Residents in Dili reported the capital appeared calm and Gusmao said Ramos-Horta was in a stable condition after the attack in which a key rebel leader, Alfredo Reinado, was killed.

The president, who shared the 1996 Nobel Peace Prize with compatriot Bishop Carlos Belo for their nonviolent struggle for East Timor's independence from Indonesian occupation, was operated on by an Australian military medical team in Dili before being flown to Darwin in northern Australia for treatment.

"This is a serious attempt on a democratic state," Gusmao told a news conference. He later said that he had asked the acting president, deputy speaker of parliament Vicente Guterres, to impose a curfew in the capital until Wednesday.
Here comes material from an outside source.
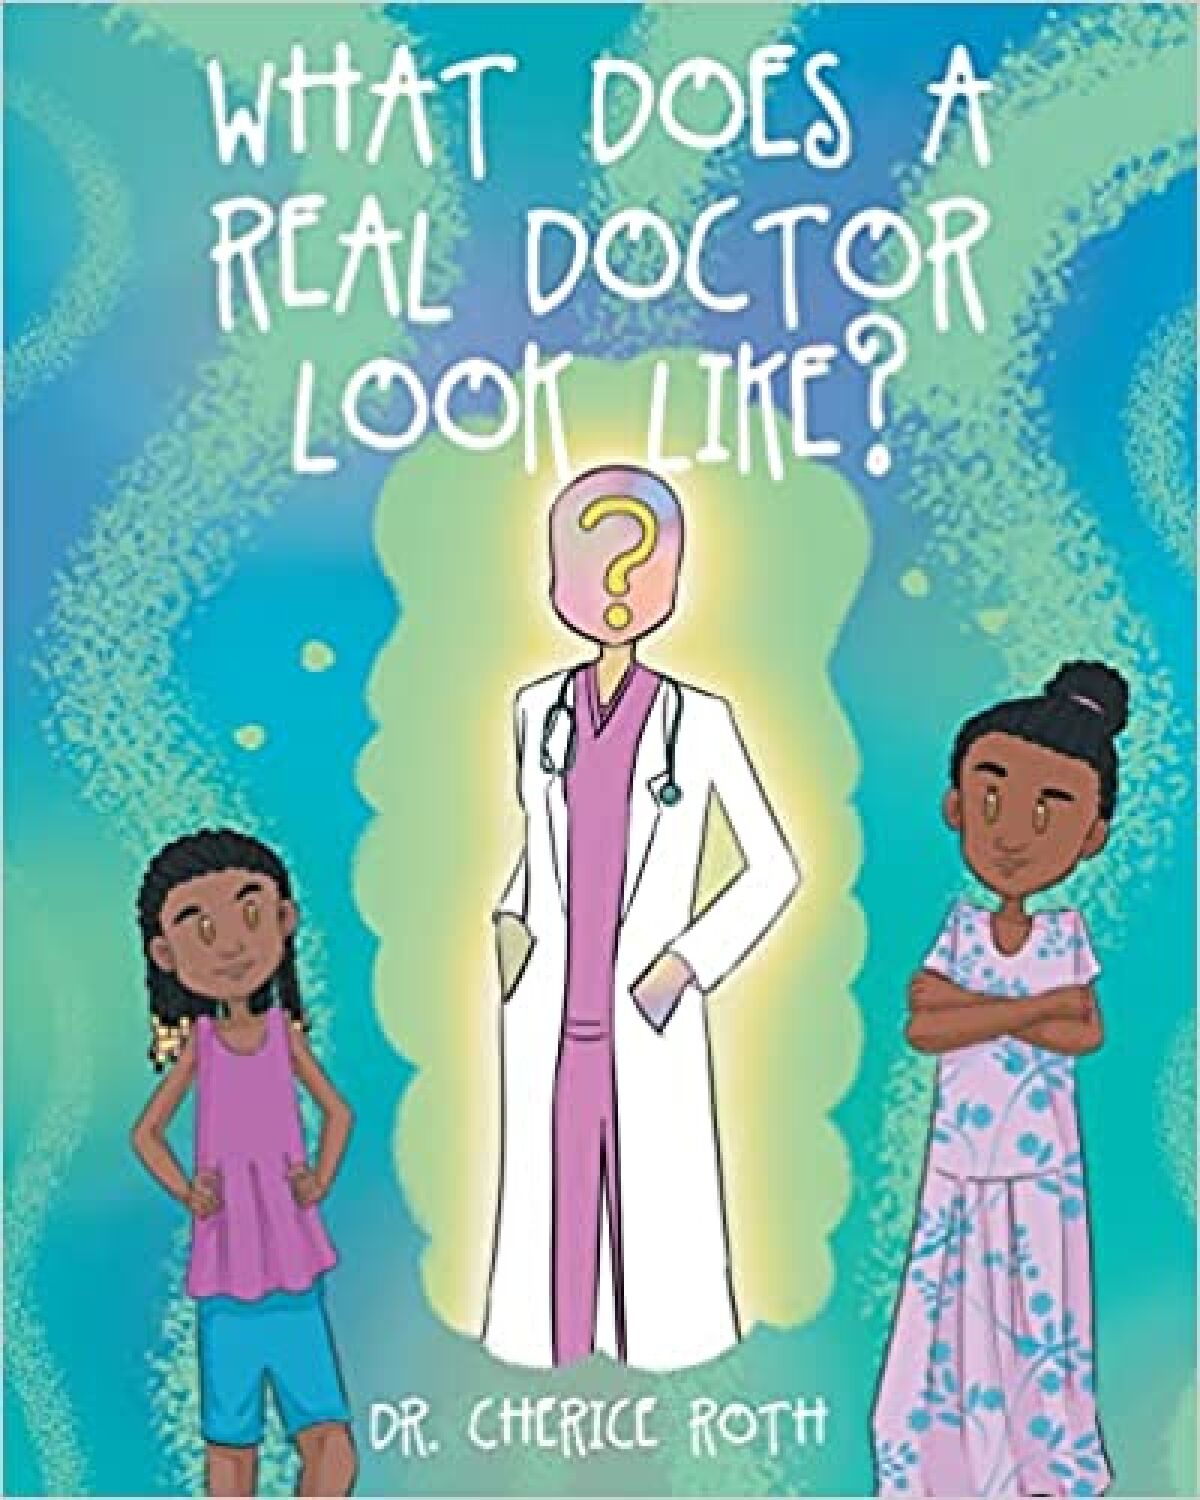 “What Does A Real Doctor Look Like?” cover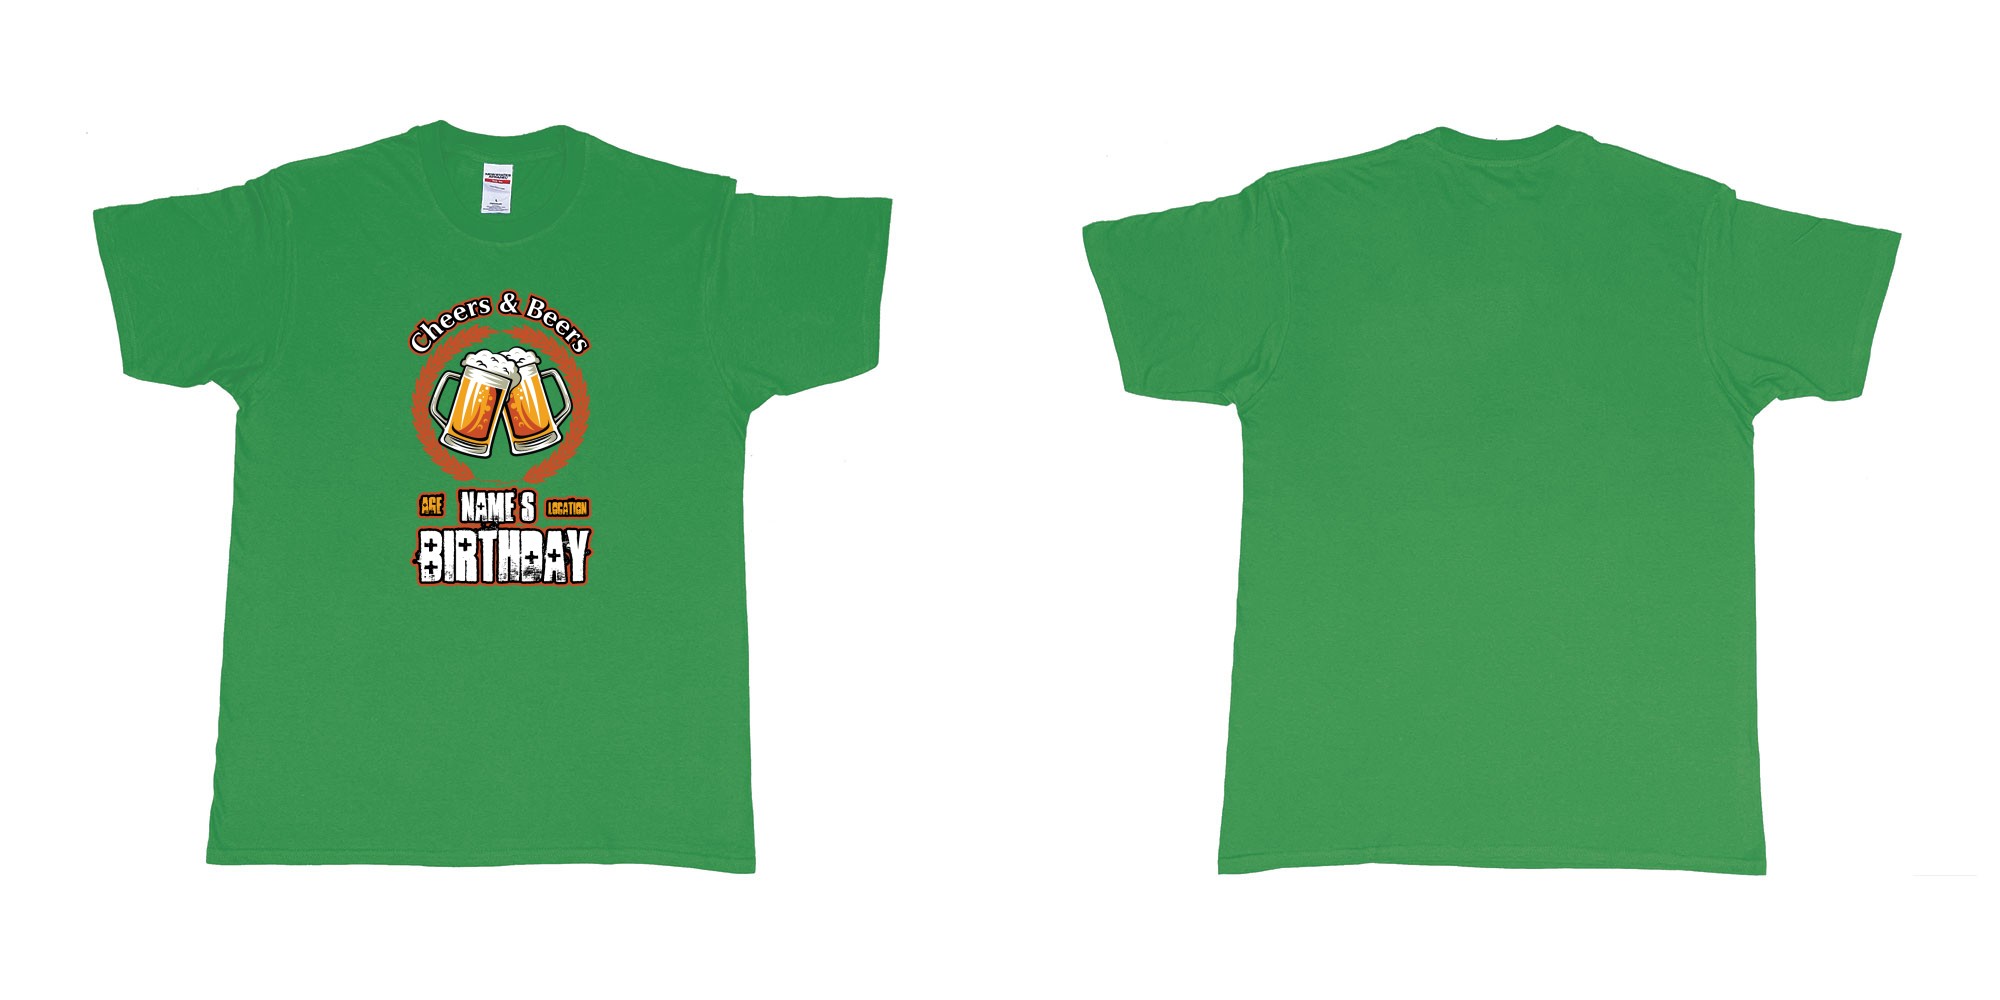 Custom tshirt design cheers and beers birthday in fabric color irish-green choice your own text made in Bali by The Pirate Way

An Australian medical official said Ramos-Horta, who was flown to Darwin on life support and in an induced coma, was stable but would undergo further surgery for two bullet wounds.

"He has wounds to the abdomen and lower chest. They are very serious wounds, particularly the chest injury is extremely serious," Dr Len Notaras, general manager of Royal Darwin Hospital, told reporters.

"The next 24 to 48 hours will tell us about his progress. We are optimistic that the good surgical skills here...will mean he will have a good chance of recovery," Notaras said.